**Collected data:**
· · · · · · ·

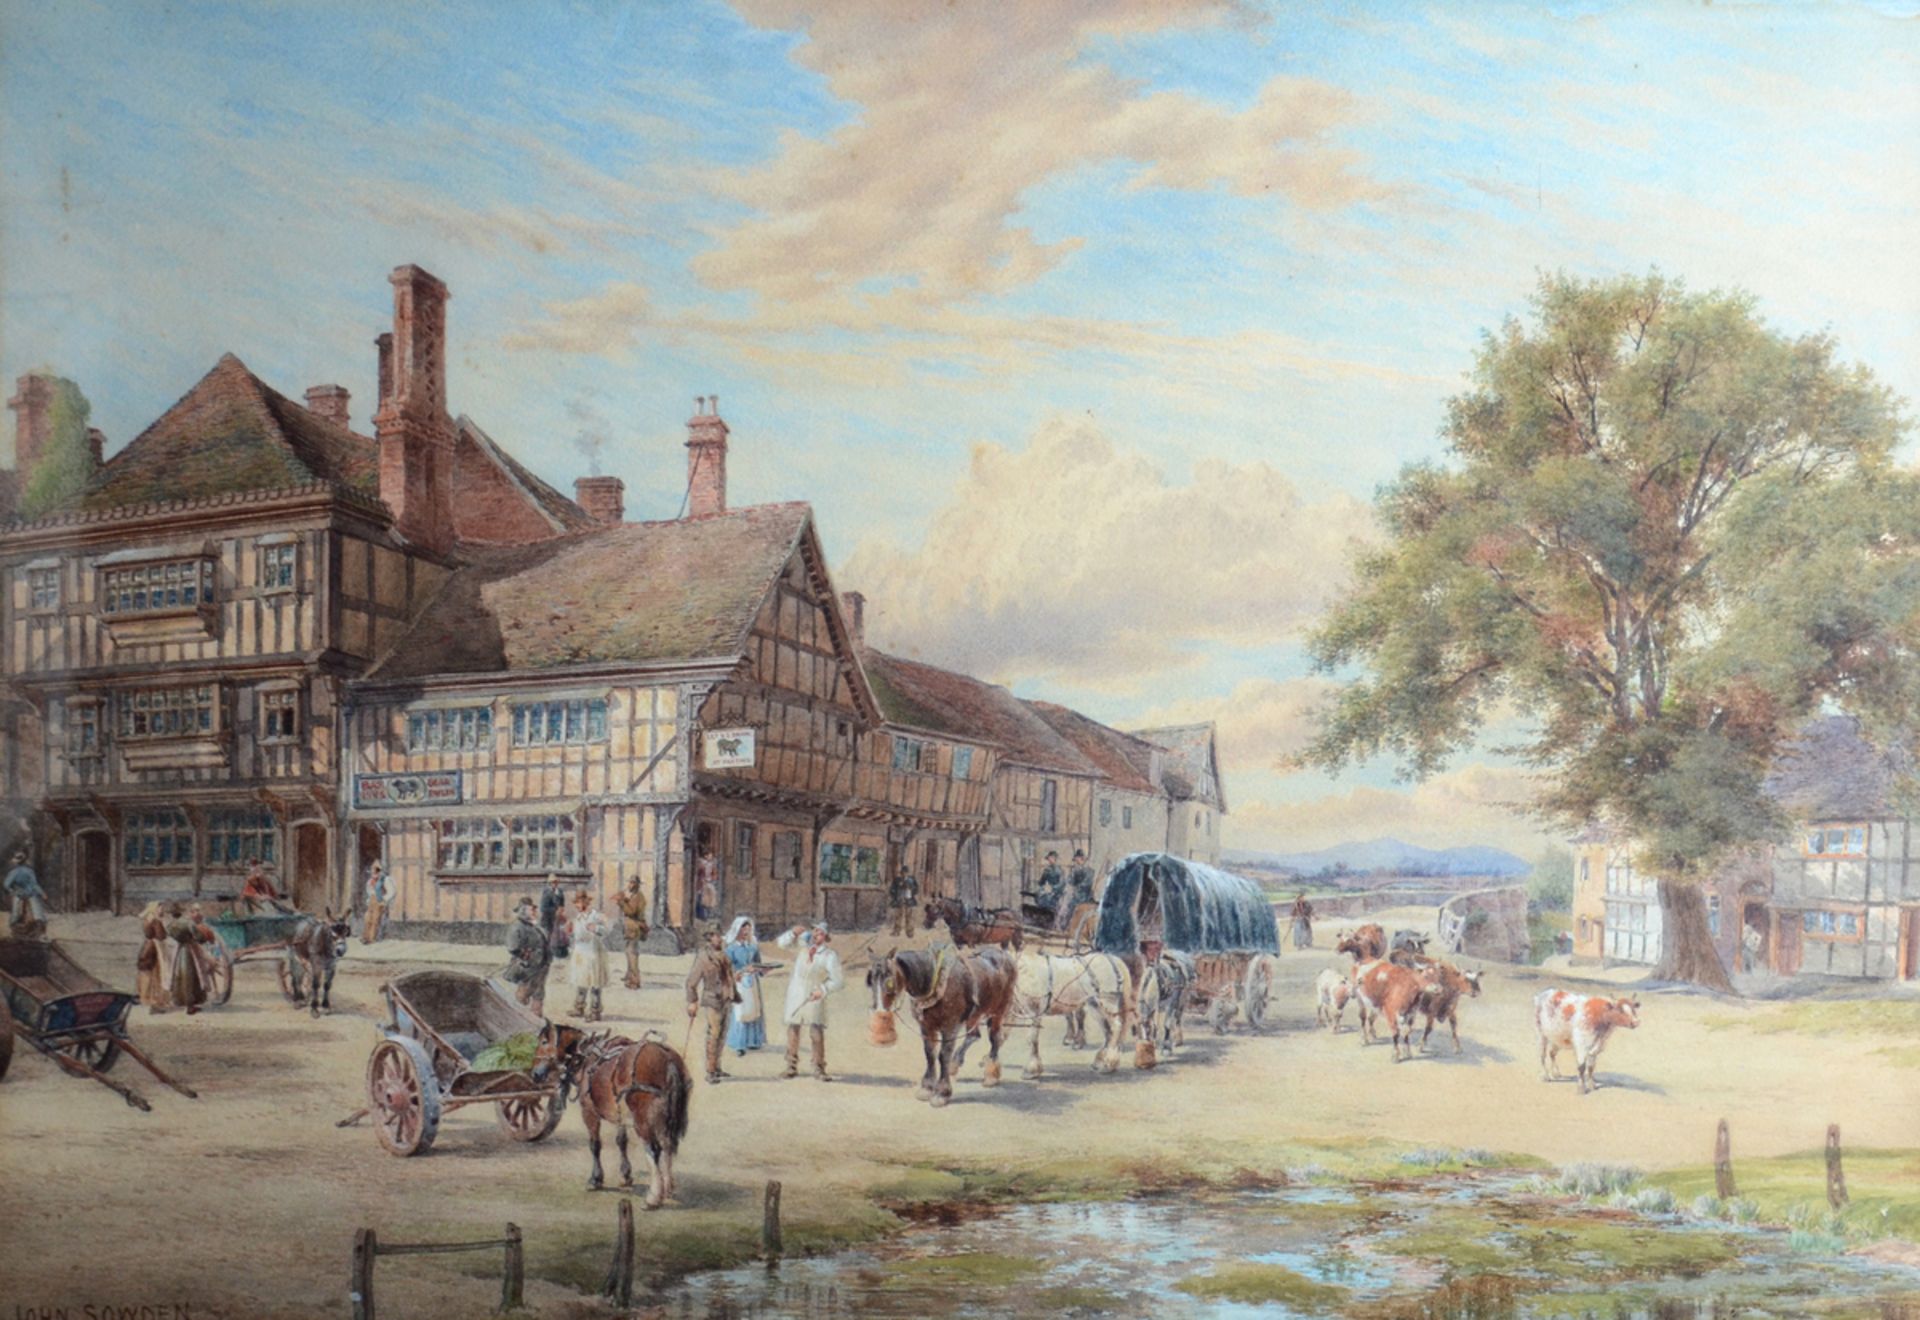 John Sowden: gouache 'Tewkesbury Old Inn' (76x54cm)
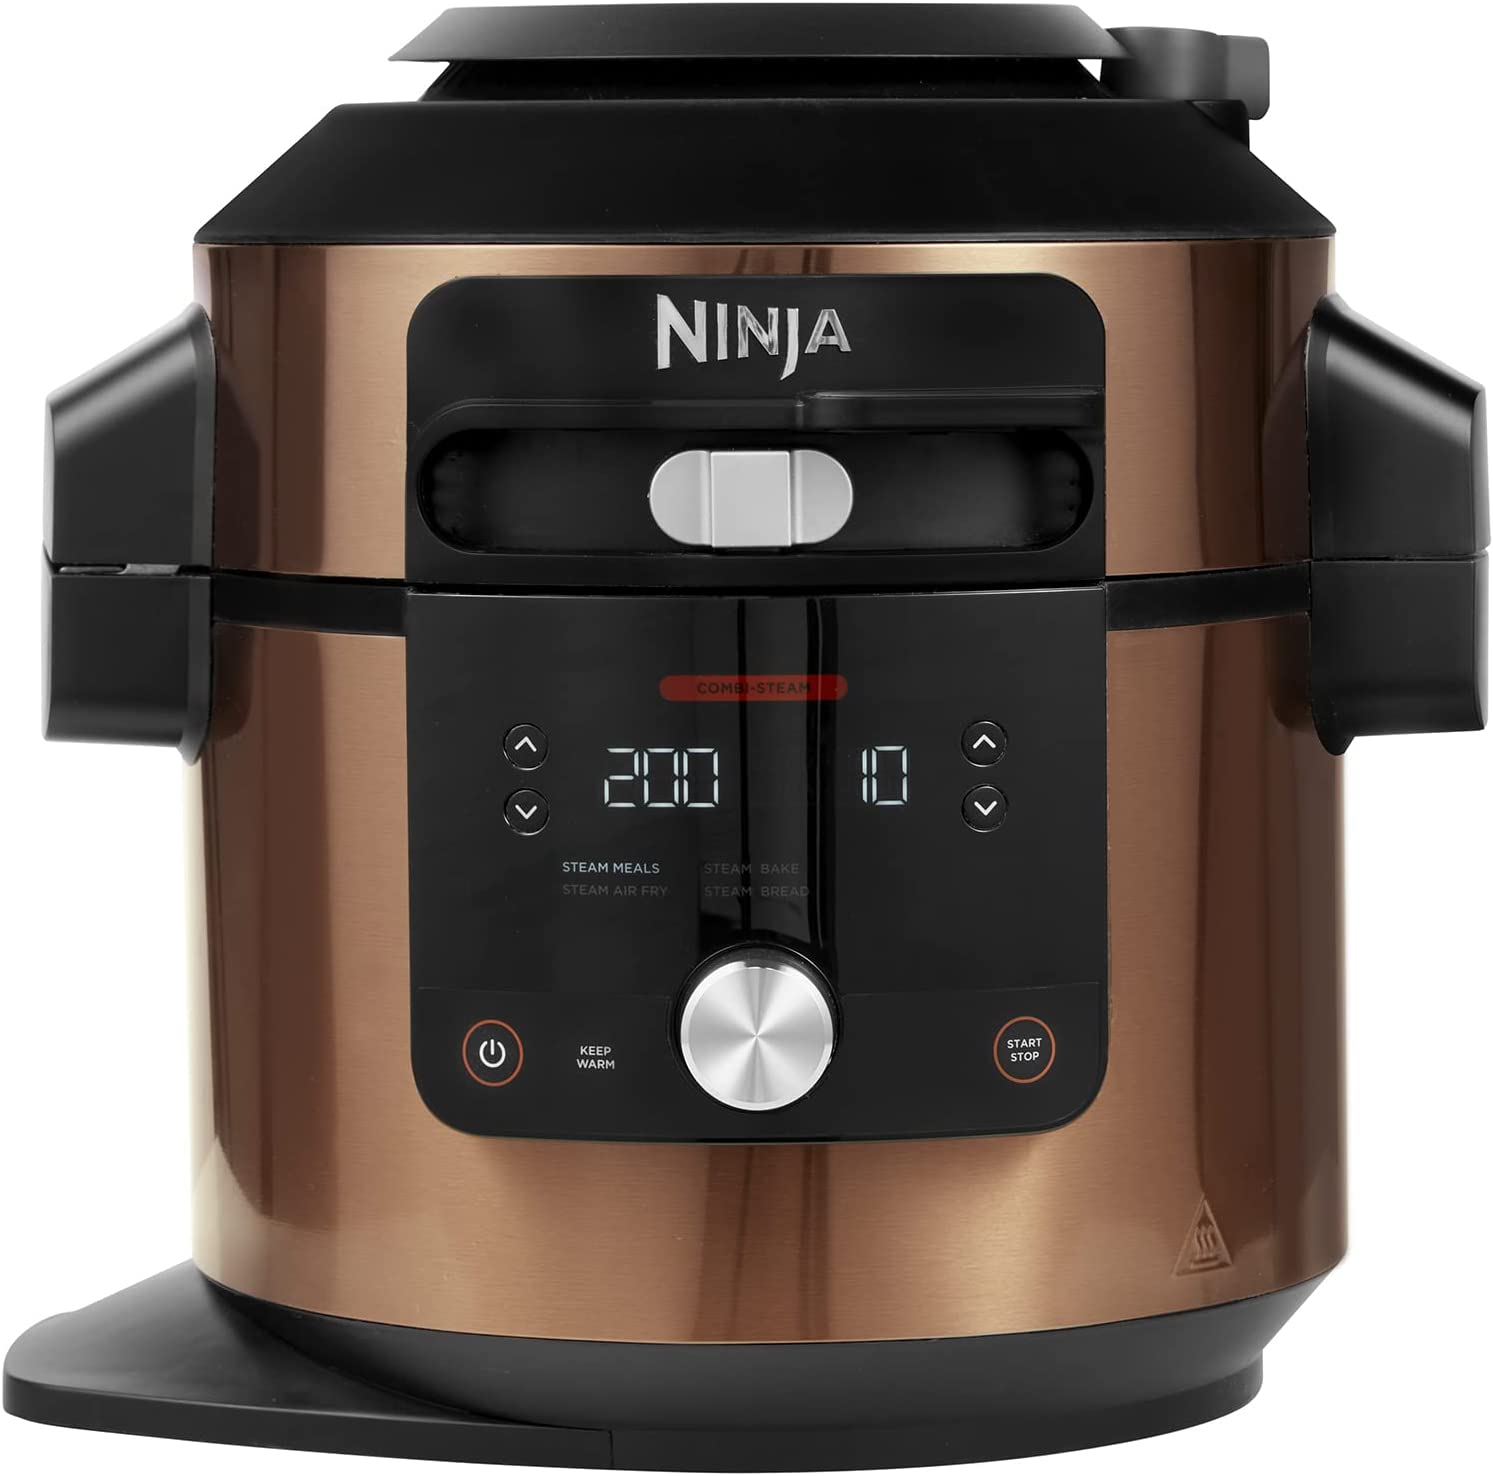 Ninja Foodi MAX 14-in-1 SmartLid Multi-Cooker
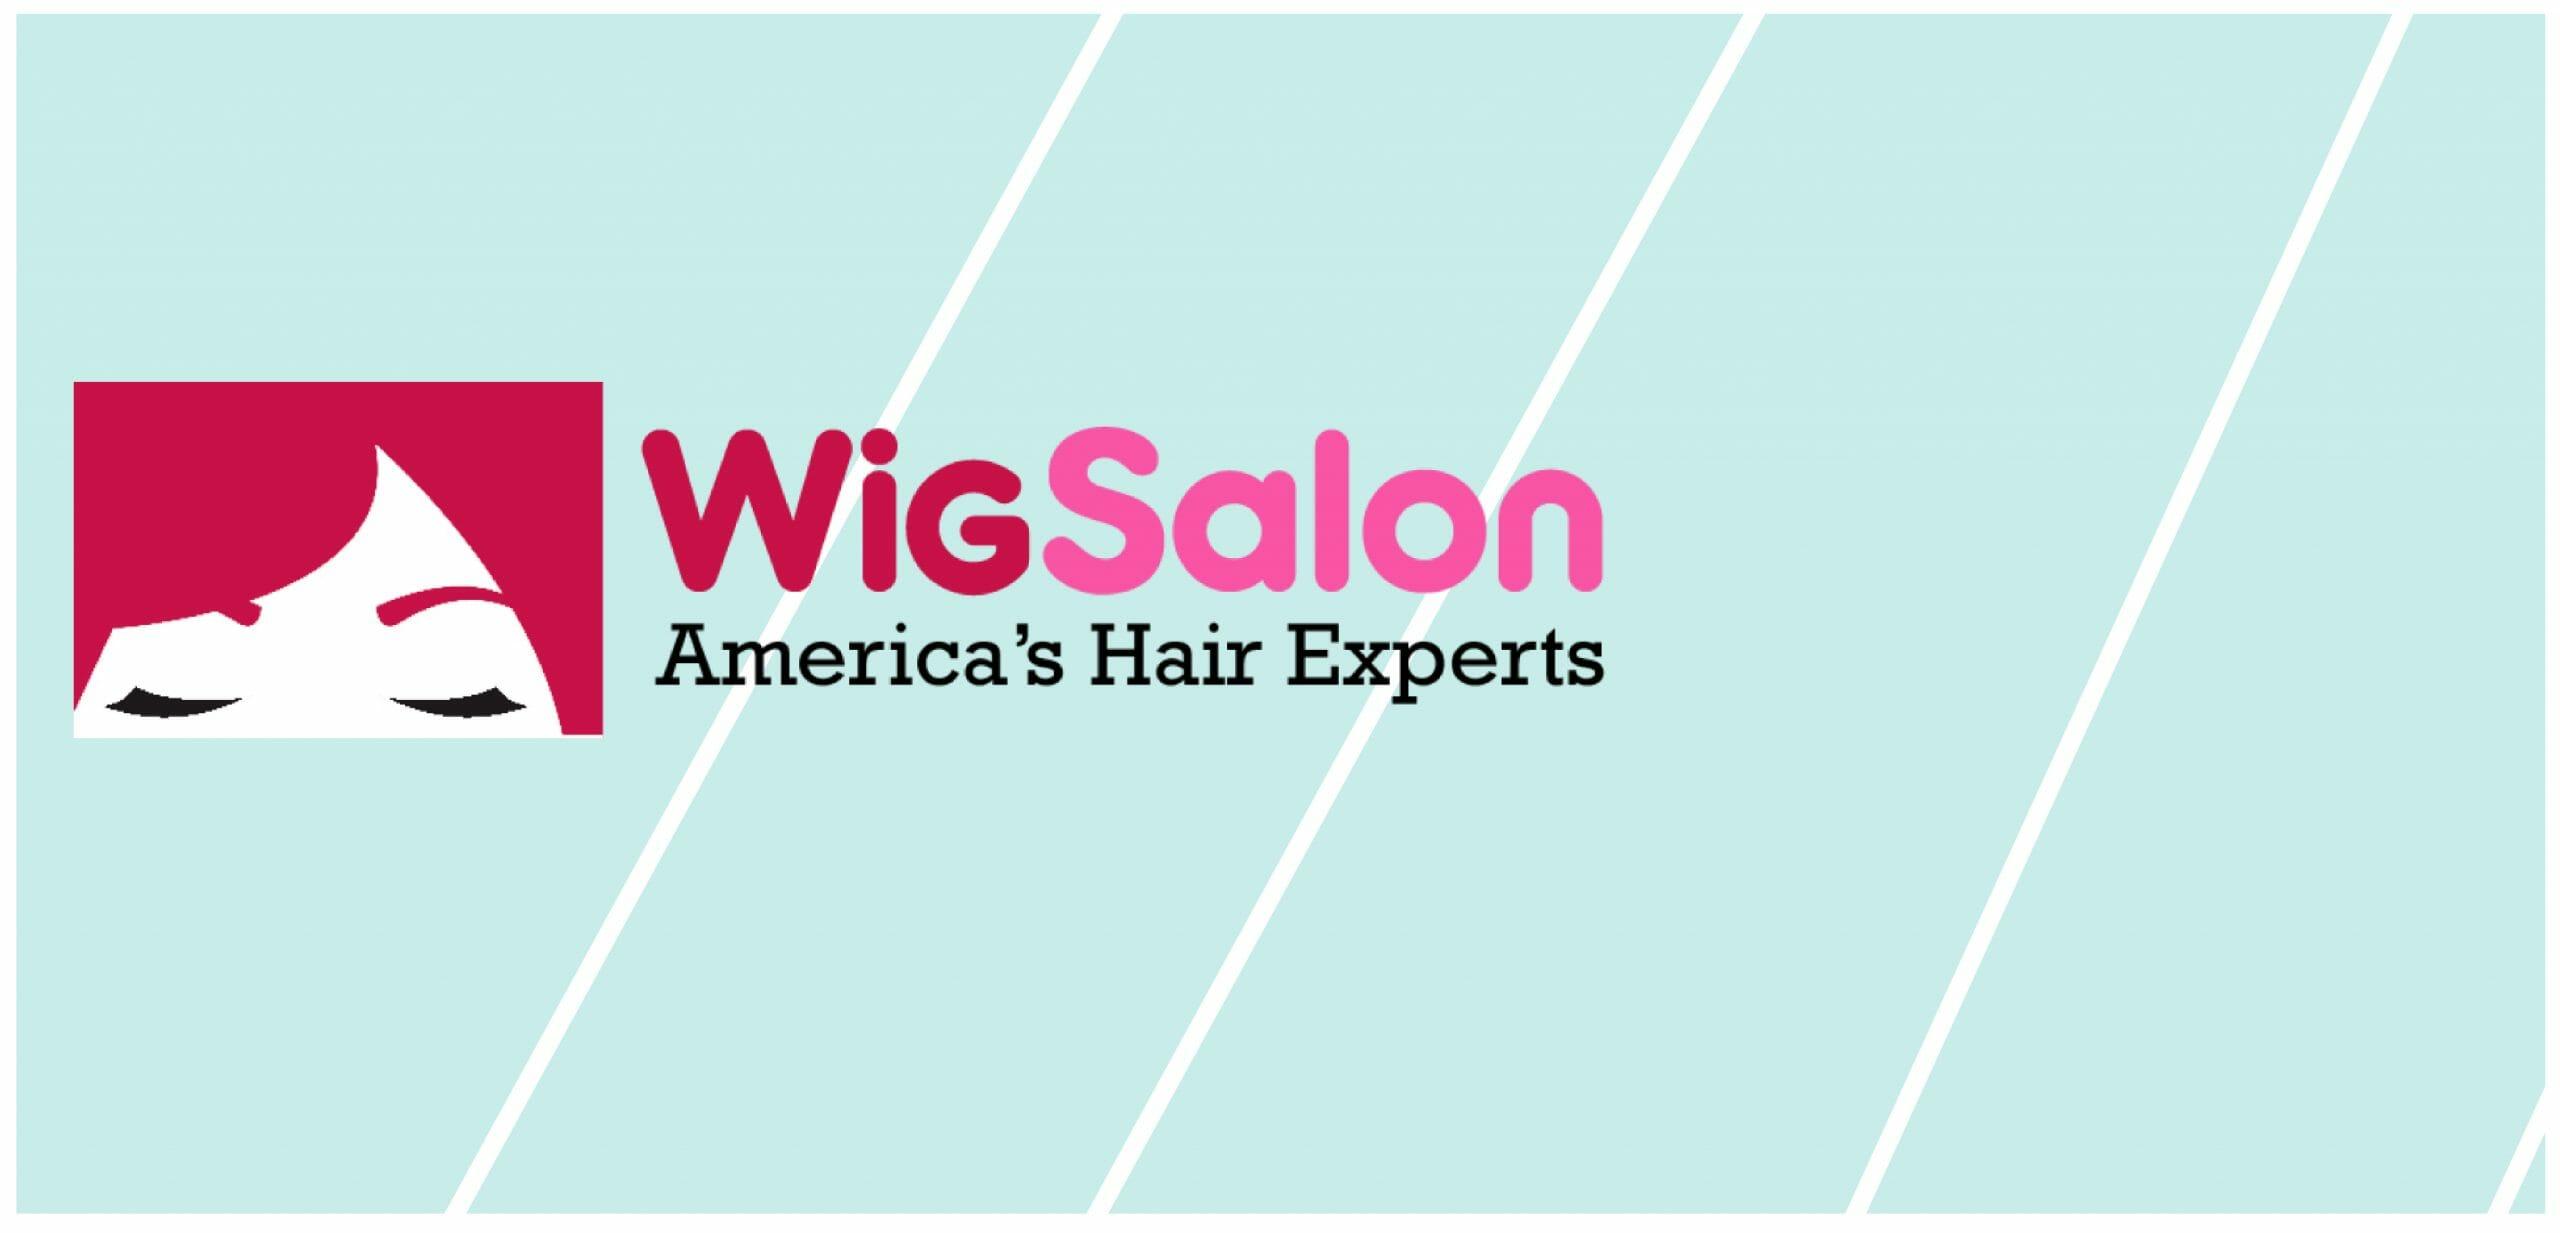 Image of WigSalon logo used in Magento upgrade.

· · · · · · ·

**What you need to do:**
A word-for-word repeat of the lines from the line with "Ninja Foodi MAX" to the last line of the data, both ends included and pictures left out, is all that should appear.

**Exercise answer:**
 Ninja Foodi MAX 14-in-1 SmartLid Multi-Cooker
 Image of WigSalon logo used in Magento upgrade.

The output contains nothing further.